Dataset records:

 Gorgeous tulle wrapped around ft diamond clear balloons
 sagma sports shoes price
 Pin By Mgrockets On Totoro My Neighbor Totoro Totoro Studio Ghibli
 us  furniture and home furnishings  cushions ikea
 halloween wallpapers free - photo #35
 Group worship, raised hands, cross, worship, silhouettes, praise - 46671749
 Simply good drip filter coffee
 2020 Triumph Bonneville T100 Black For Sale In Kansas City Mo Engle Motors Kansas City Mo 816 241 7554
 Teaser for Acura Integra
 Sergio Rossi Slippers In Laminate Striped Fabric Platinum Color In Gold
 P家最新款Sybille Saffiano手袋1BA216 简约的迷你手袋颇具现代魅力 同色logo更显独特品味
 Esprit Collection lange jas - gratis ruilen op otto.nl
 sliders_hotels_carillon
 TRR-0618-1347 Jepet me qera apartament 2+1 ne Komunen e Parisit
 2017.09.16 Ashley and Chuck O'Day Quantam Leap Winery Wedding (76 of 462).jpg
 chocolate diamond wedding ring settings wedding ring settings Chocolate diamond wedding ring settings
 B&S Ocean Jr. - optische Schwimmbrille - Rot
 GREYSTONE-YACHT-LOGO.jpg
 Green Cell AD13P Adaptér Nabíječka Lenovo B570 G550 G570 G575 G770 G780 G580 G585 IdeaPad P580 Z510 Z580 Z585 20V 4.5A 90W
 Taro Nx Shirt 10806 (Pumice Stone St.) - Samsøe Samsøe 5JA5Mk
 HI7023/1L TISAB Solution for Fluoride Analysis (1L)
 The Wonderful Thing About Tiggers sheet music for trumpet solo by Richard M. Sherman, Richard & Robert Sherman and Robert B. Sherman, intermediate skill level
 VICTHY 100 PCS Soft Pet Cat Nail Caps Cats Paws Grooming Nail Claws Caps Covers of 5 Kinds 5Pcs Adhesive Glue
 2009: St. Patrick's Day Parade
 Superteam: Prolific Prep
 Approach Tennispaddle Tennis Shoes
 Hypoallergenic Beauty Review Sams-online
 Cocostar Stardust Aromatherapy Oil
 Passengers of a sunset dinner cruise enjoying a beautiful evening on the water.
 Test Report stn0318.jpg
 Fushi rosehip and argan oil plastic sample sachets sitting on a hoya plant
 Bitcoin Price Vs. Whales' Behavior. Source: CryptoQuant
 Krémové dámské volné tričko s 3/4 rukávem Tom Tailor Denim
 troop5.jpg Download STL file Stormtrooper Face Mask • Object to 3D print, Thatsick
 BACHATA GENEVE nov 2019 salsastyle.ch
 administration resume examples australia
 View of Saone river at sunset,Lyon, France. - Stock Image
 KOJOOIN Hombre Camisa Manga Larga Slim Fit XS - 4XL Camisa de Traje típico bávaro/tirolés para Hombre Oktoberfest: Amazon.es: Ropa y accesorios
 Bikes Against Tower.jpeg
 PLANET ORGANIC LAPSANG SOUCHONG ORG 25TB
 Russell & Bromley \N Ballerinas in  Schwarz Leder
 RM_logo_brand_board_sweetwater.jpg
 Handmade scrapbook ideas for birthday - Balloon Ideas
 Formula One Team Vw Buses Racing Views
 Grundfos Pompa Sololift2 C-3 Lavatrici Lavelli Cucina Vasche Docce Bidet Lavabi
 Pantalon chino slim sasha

▸ **PROBLEM DETAILS**: From the records above, pick out and copy each line holding the word "diamond".

▸ **RESULT OF THIS TASK**:
 Gorgeous tulle wrapped around ft diamond clear balloons
 chocolate diamond wedding ring settings wedding ring settings Chocolate diamond wedding ring settings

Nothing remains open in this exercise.